Return the lines of the data below, from the one containing "Cheryl Pearl Blanc Sakura Cream 50g" through the very last, exactly and with both ends included; no pictures.

● **Data**:
Content starts
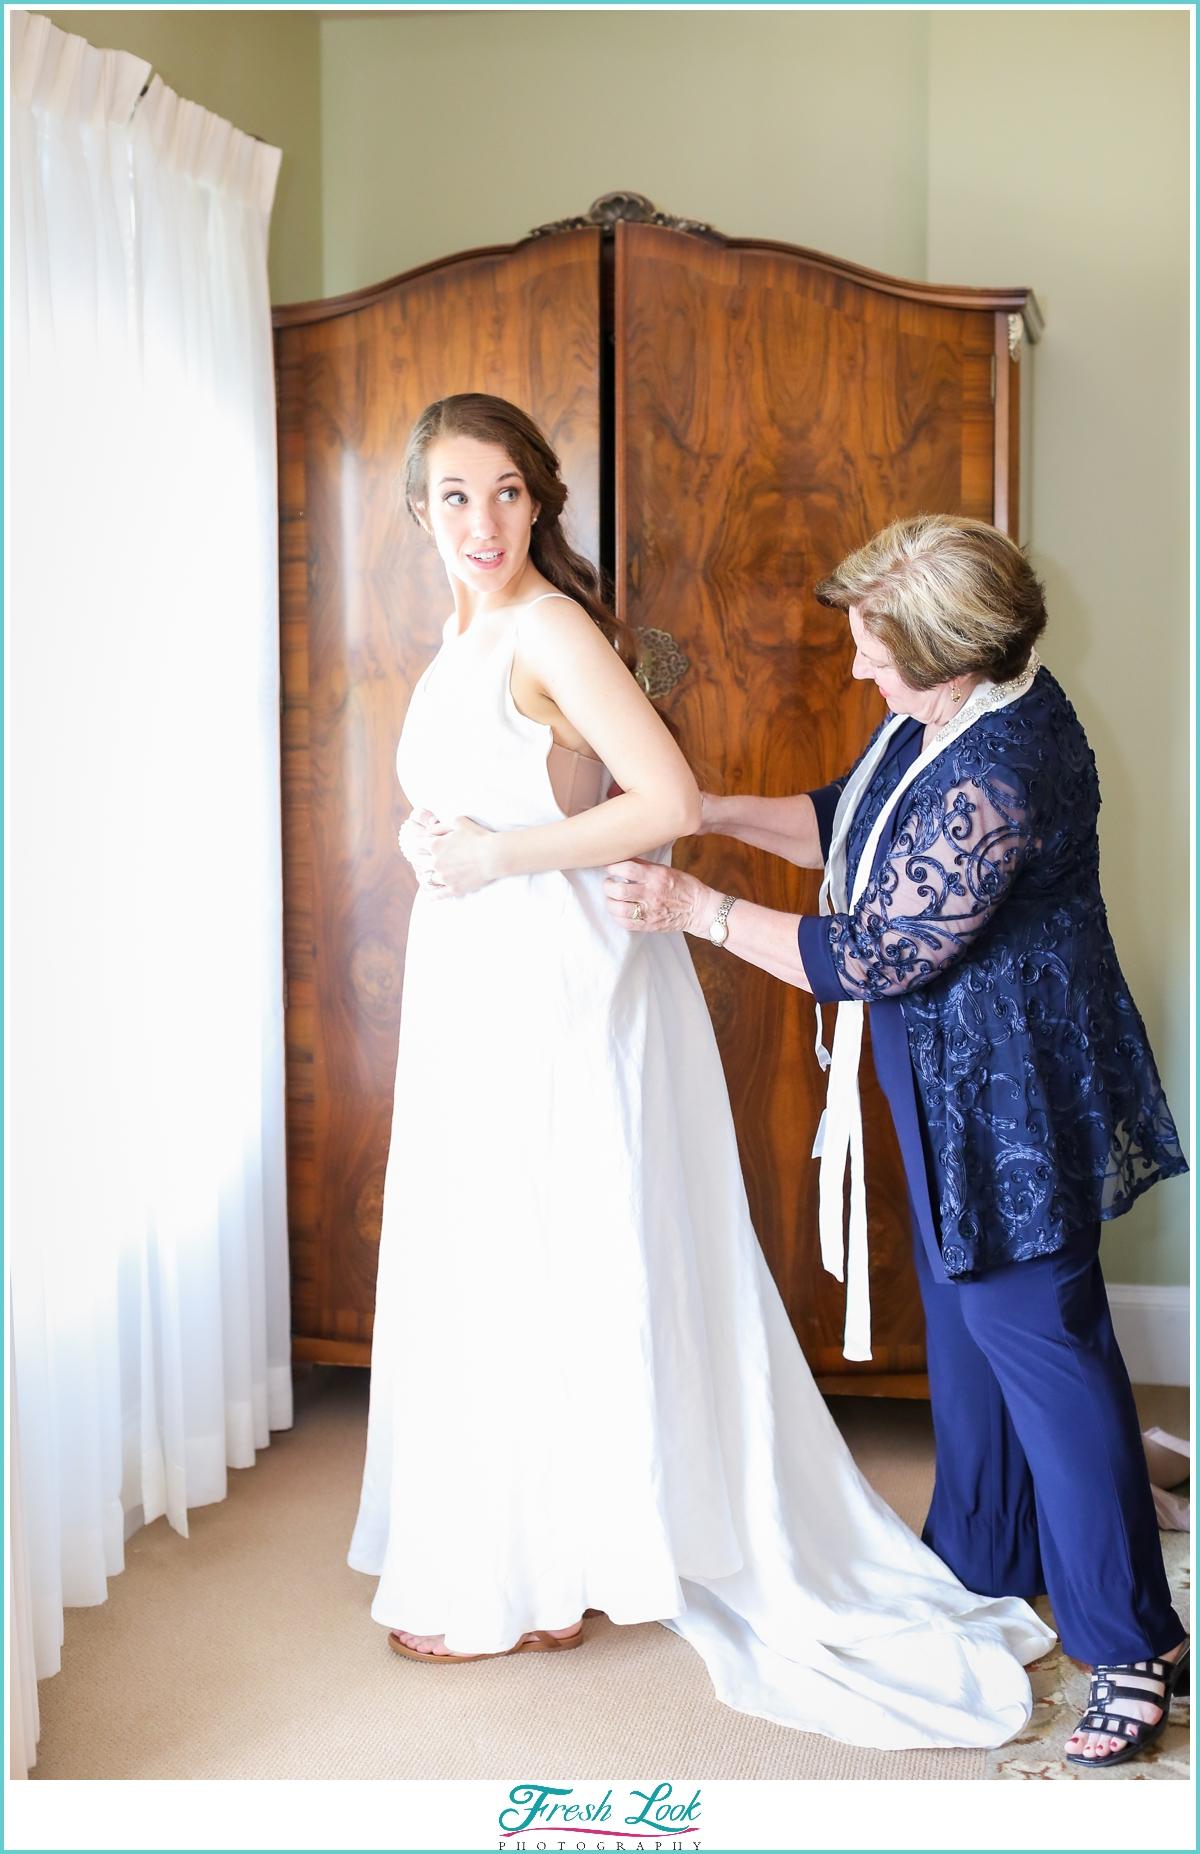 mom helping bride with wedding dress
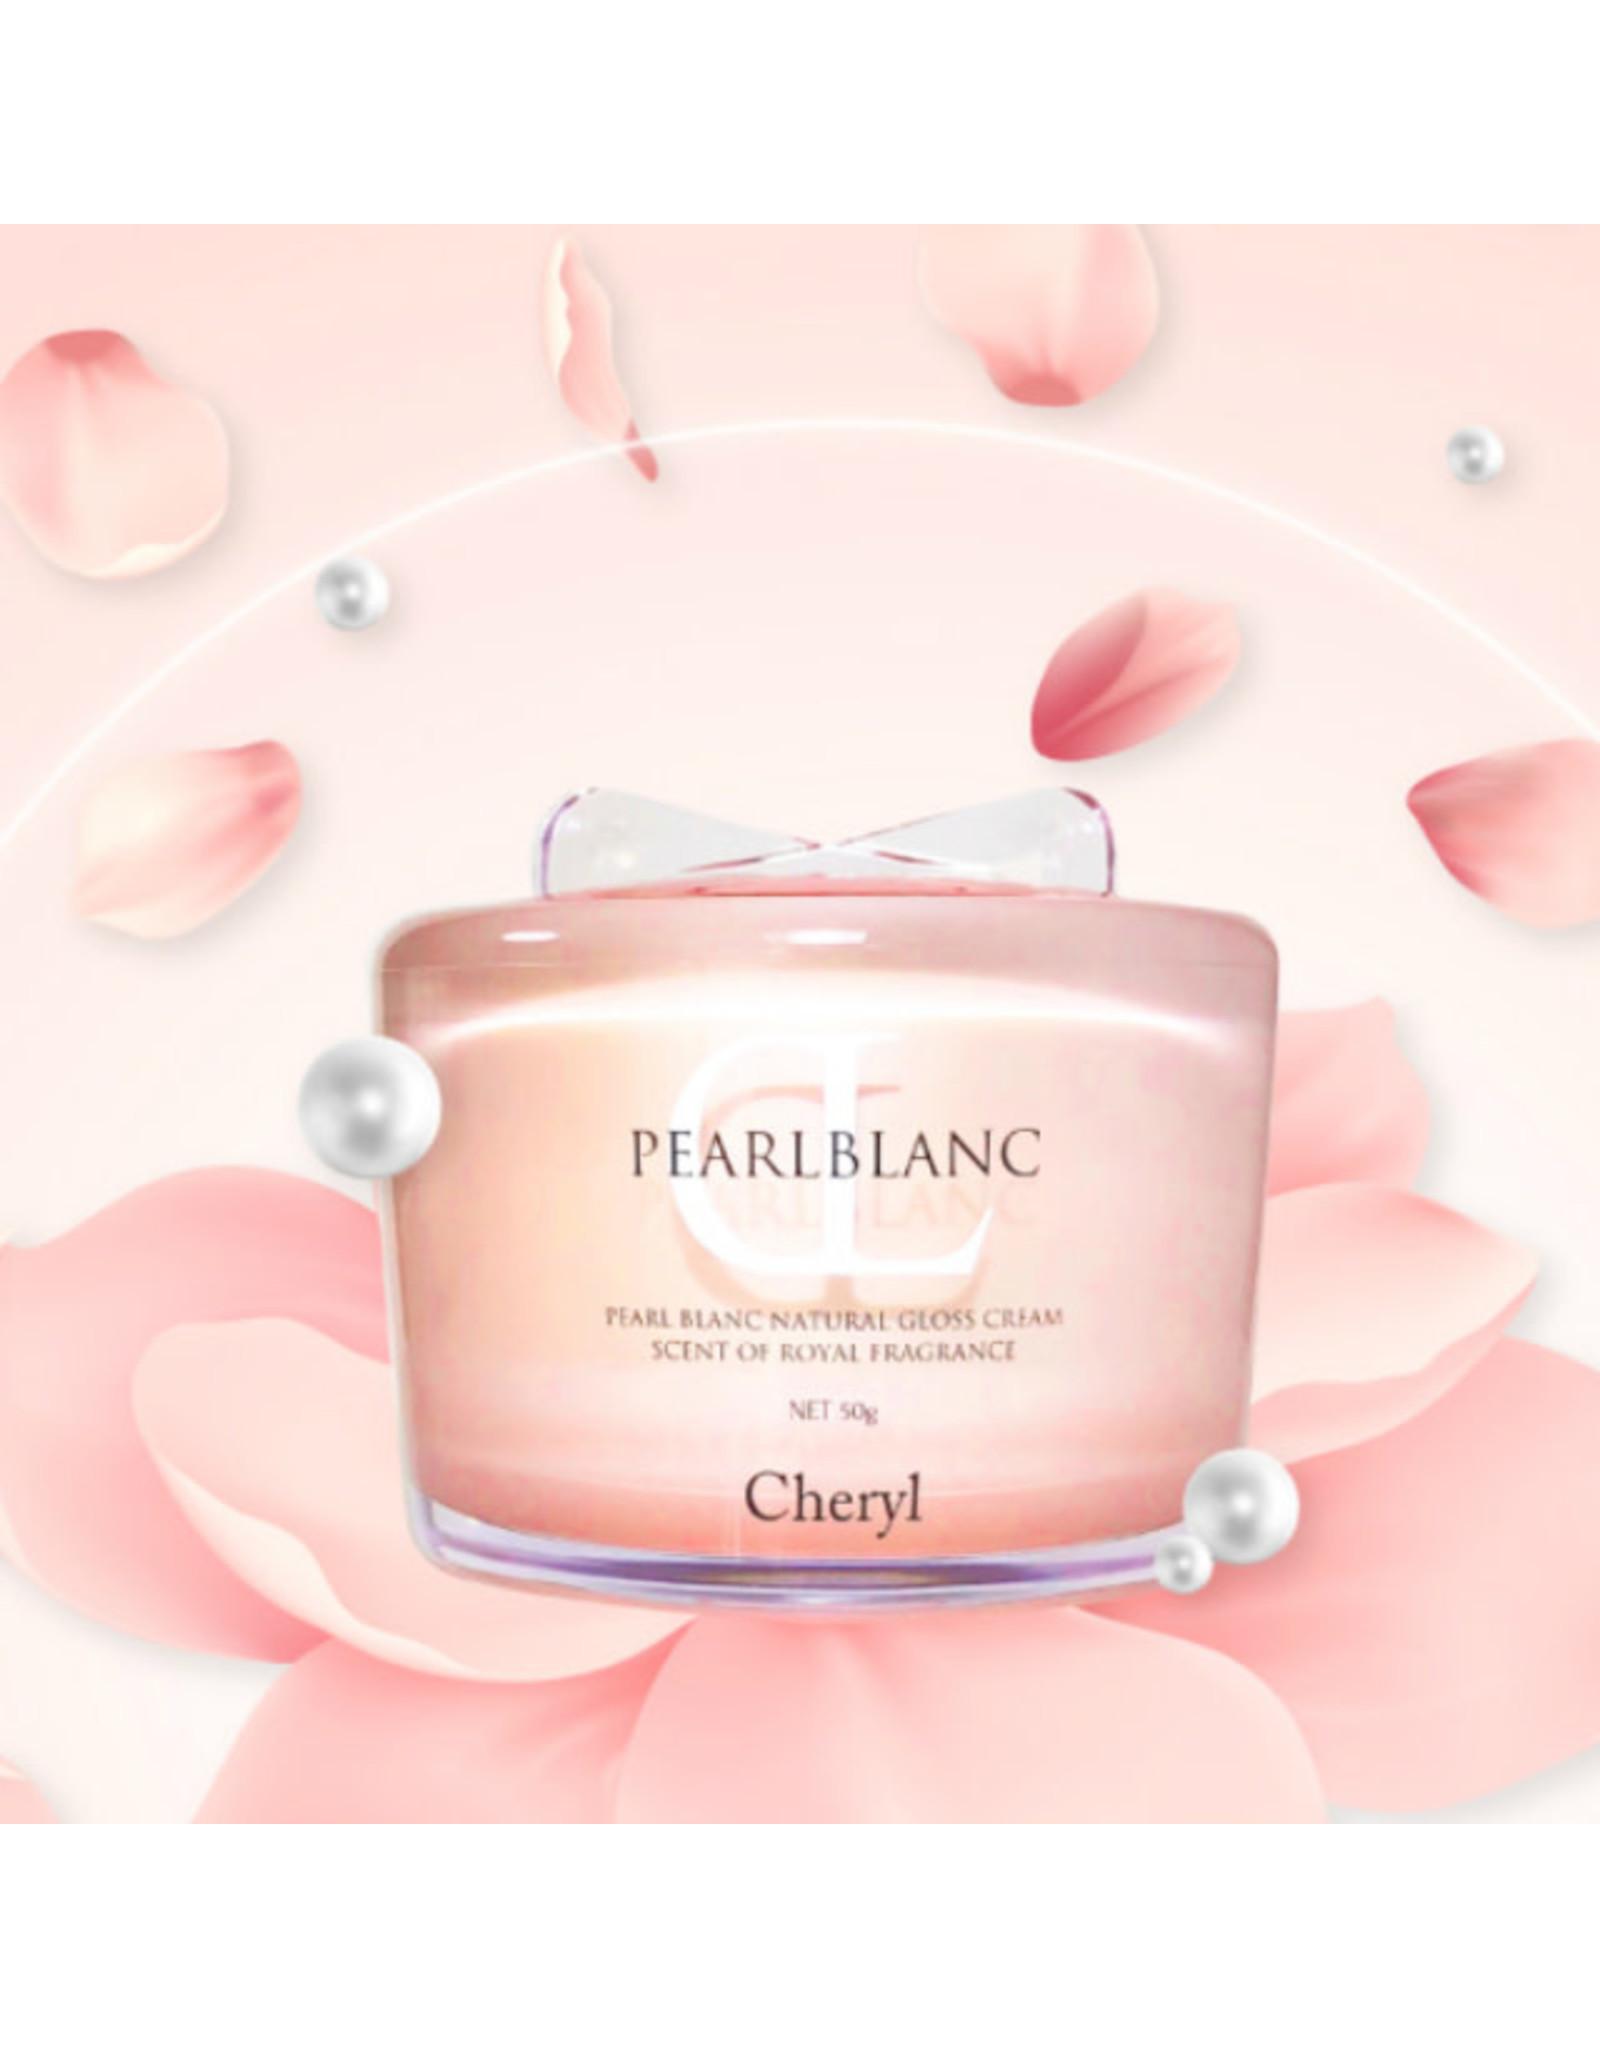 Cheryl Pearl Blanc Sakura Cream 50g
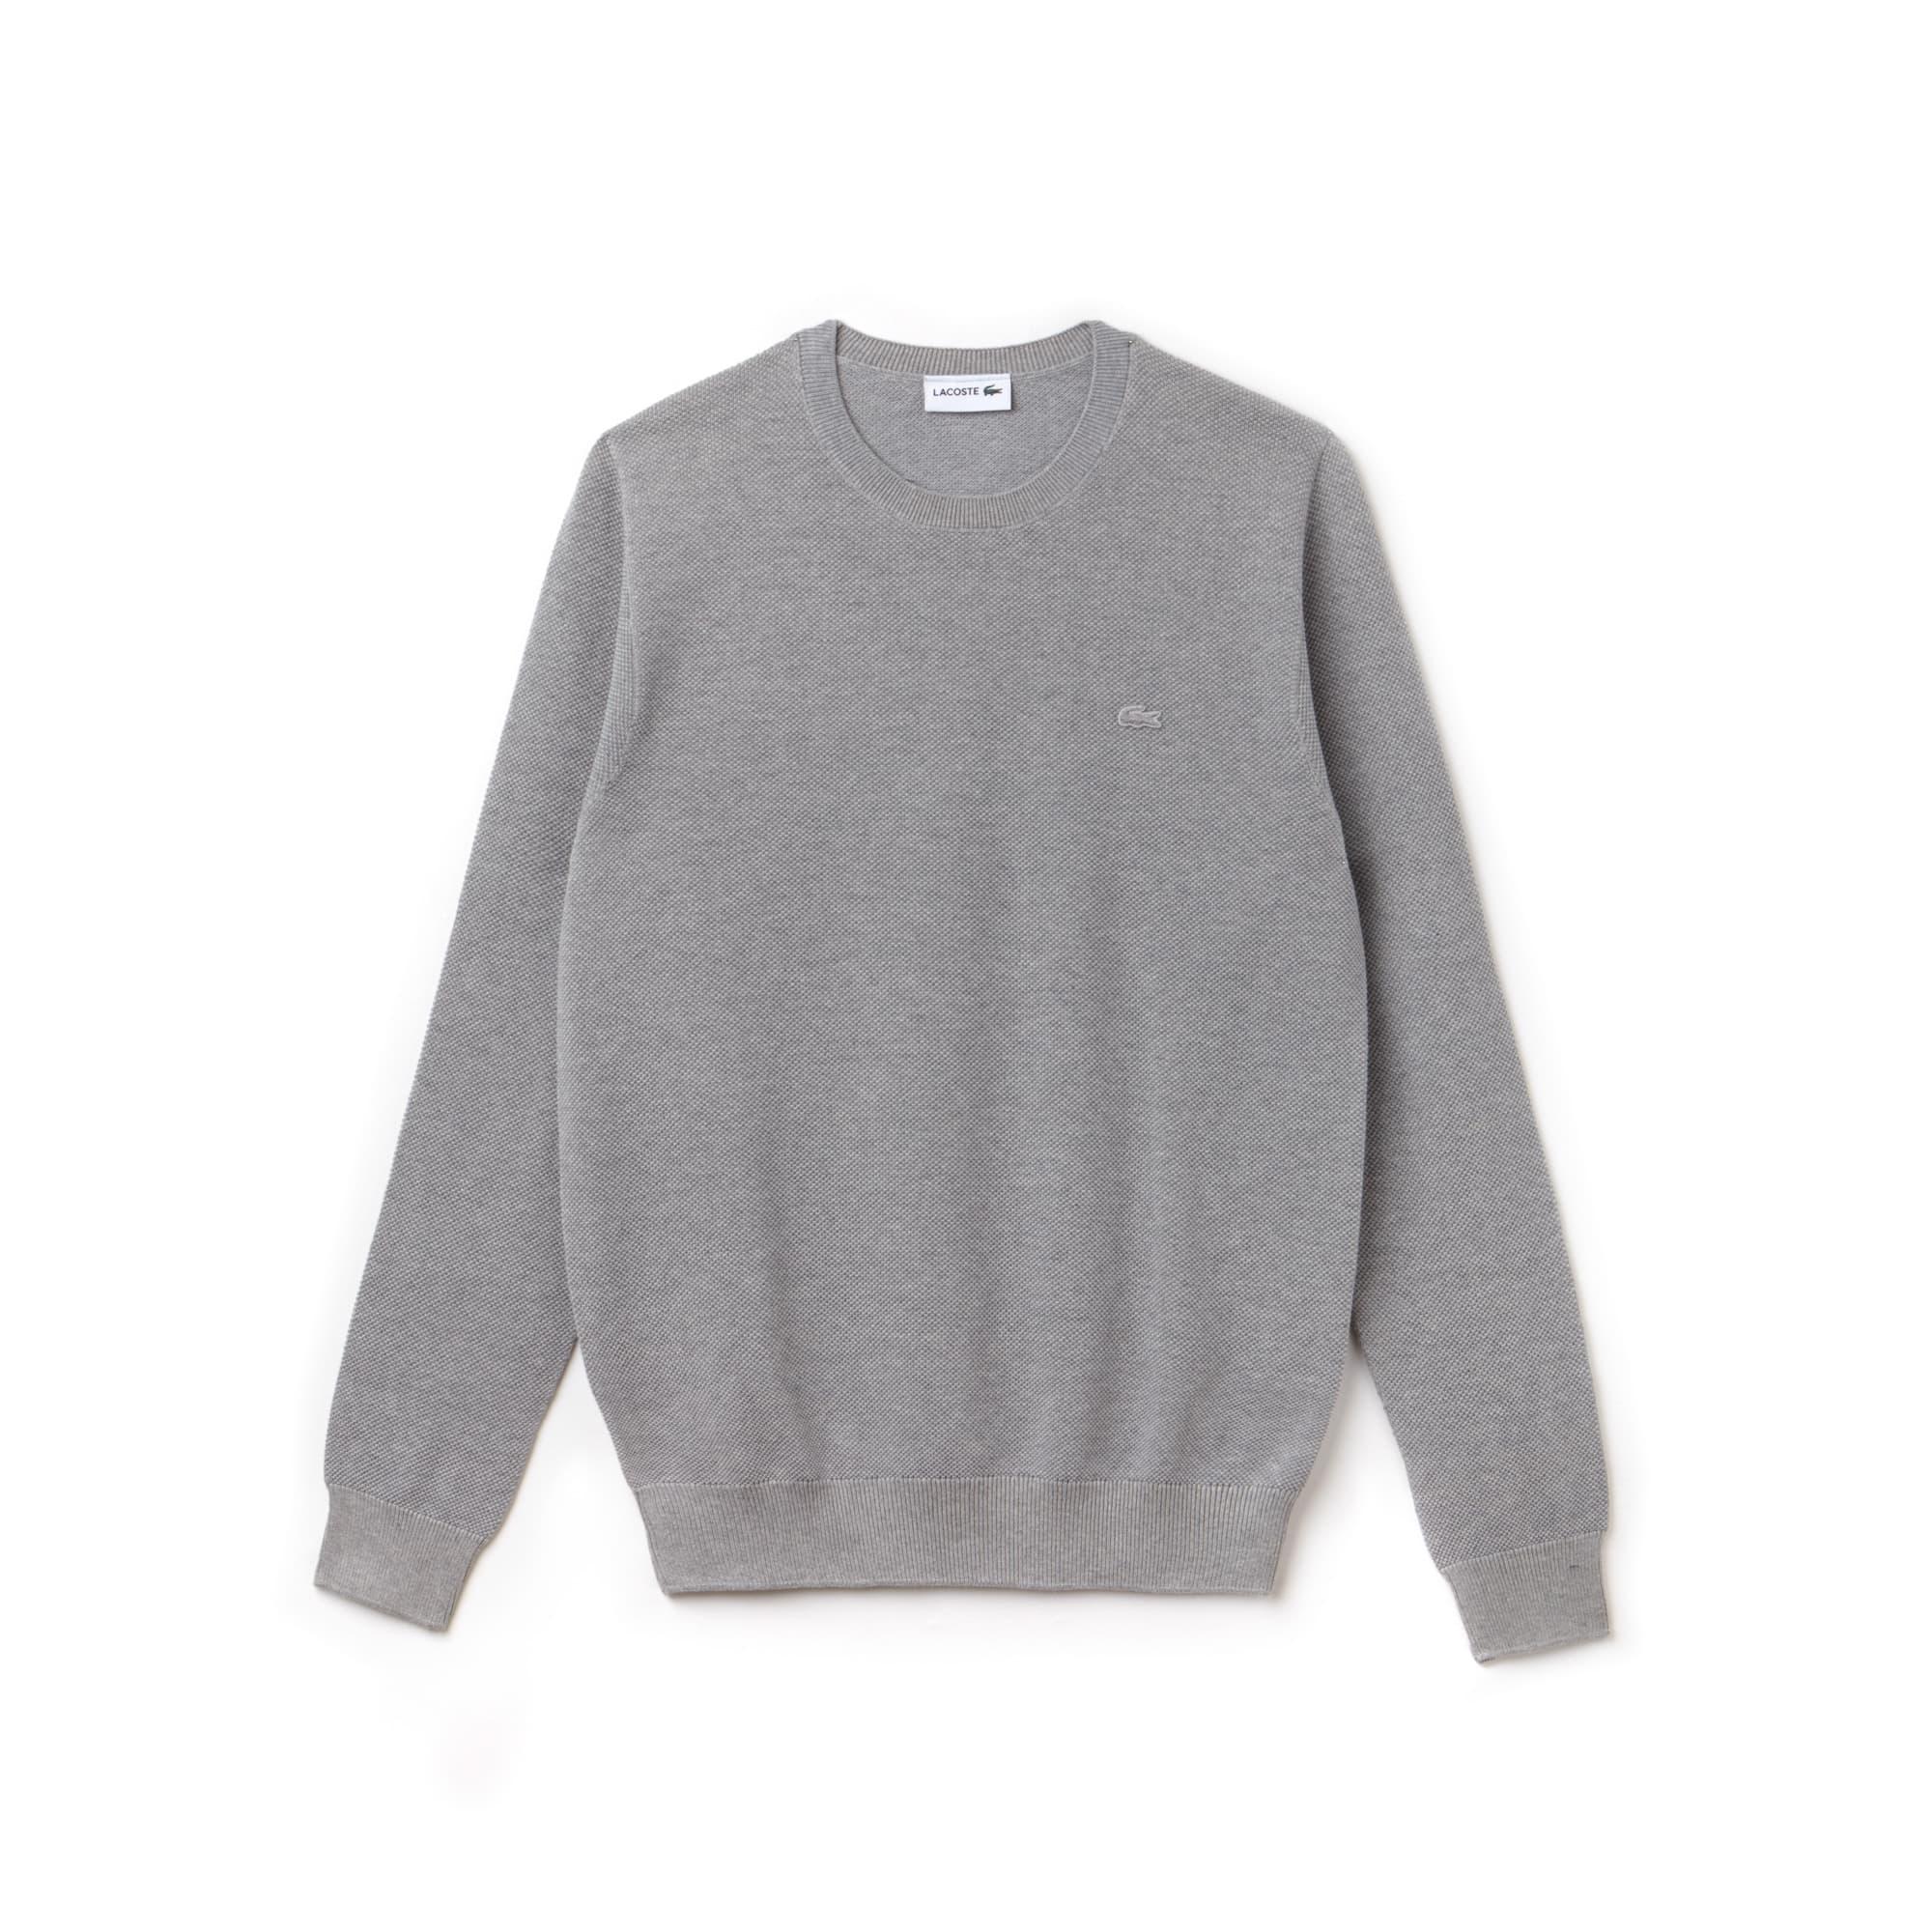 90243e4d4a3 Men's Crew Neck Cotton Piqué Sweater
Content ends
● **The answer**:
 Cheryl Pearl Blanc Sakura Cream 50g
 90243e4d4a3 Men's Crew Neck Cotton Piqué Sweater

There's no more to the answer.